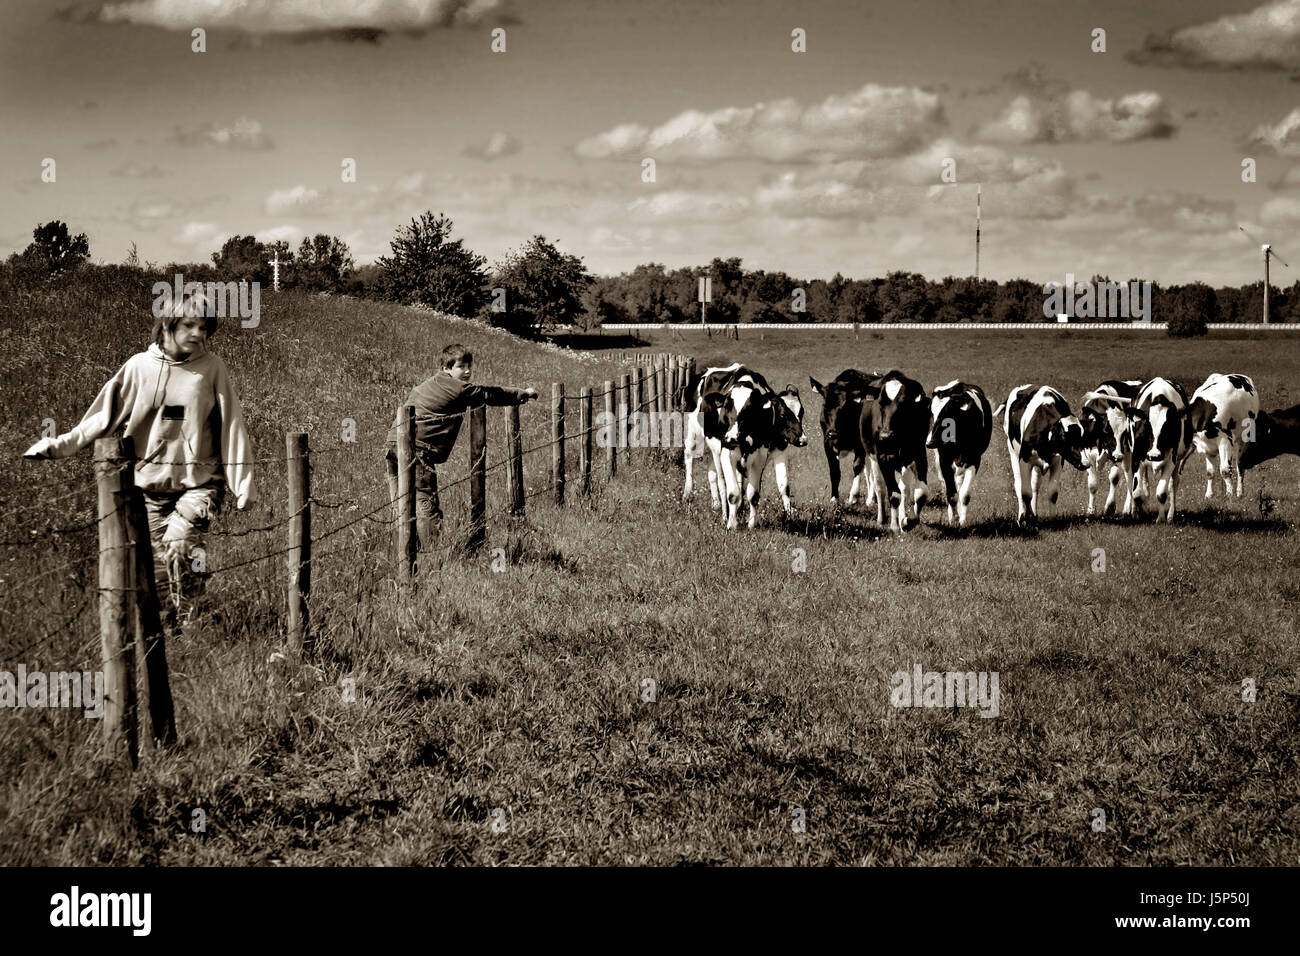 Hill bruno marrone brunette seppia recinzione vacche di campi di filo spinato oscurata dai toni Foto Stock
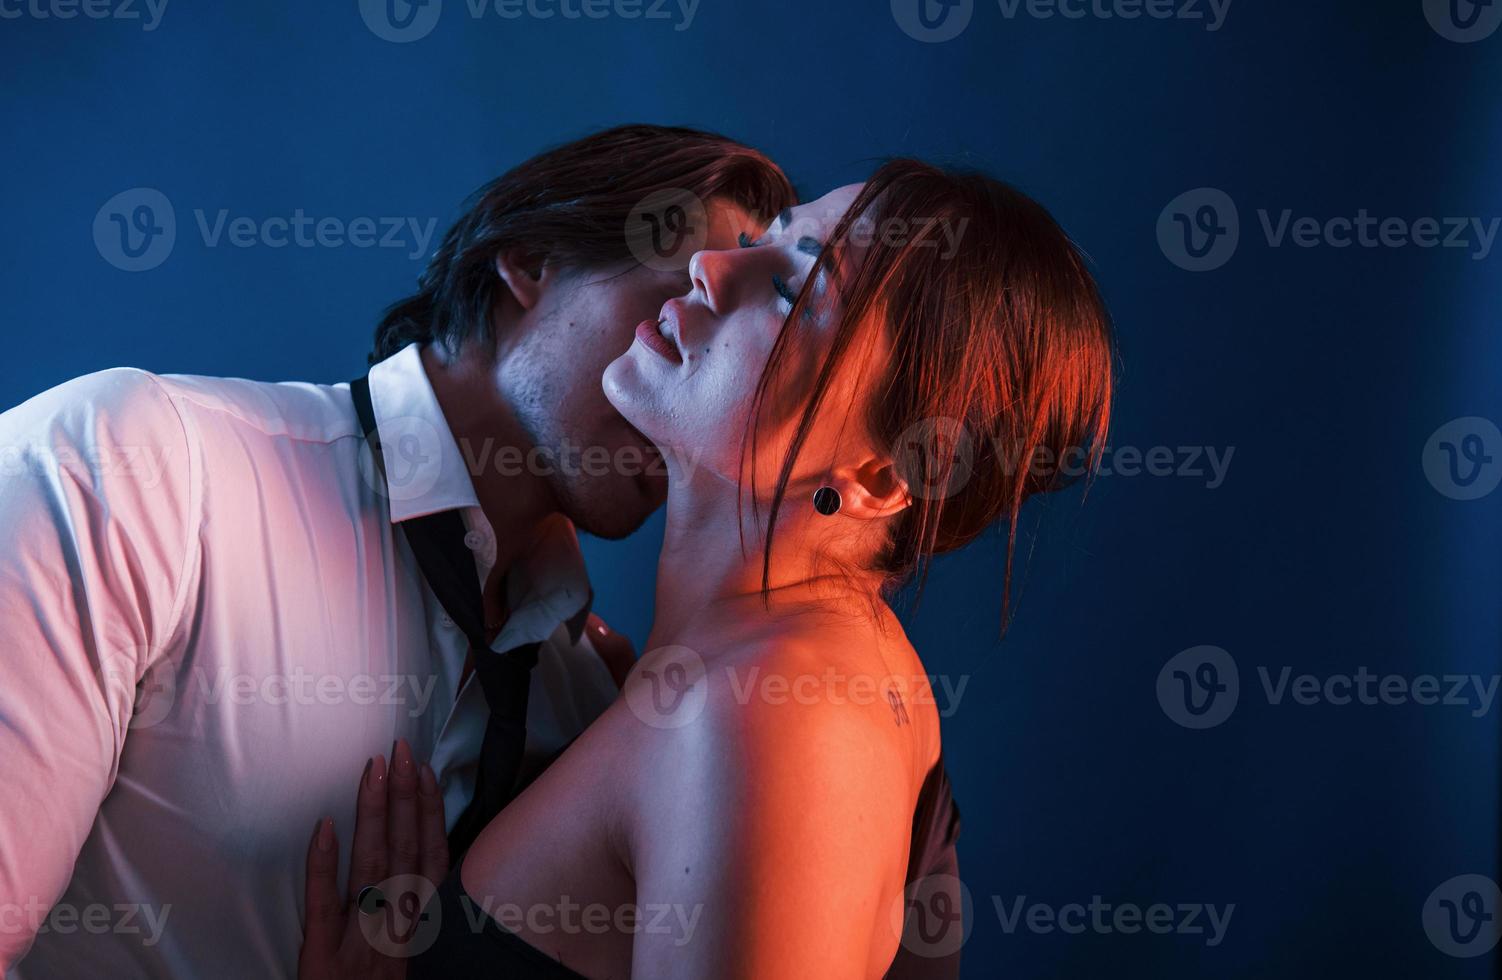 homem bonito com sua namorada gostosa está no estúdio com iluminação neon azul. casal apaixonado um pelo outro foto
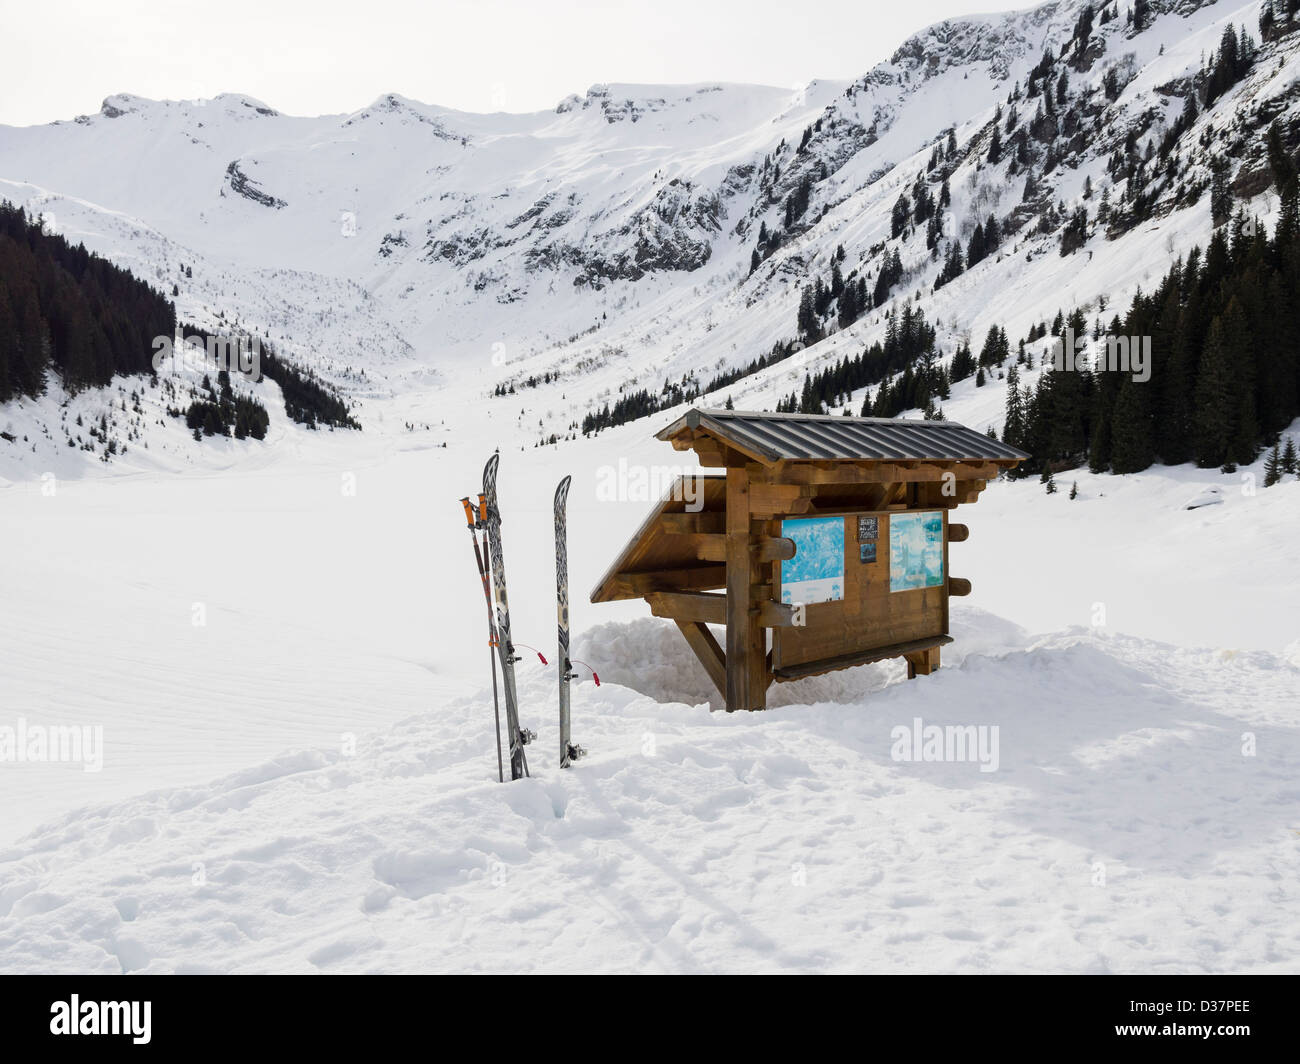 Esquís y junta local de información junto al Lac de Gers lago congelado en Le Grand Massif zona de esquí de los Alpes franceses, cerca de Samoens, France Foto de stock

══════════

• **Assignment**
Please print the entire listing again exactly, minus its images.

• **Answer to this exercise**
 Hill bruno marrone brunette seppia recinzione vacche di campi di filo spinato oscurata dai toni Foto Stock
 homem bonito com sua namorada gostosa está no estúdio com iluminação neon azul. casal apaixonado um pelo outro foto
 Esquís y junta local de información junto al Lac de Gers lago congelado en Le Grand Massif zona de esquí de los Alpes franceses, cerca de Samoens, France Foto de stock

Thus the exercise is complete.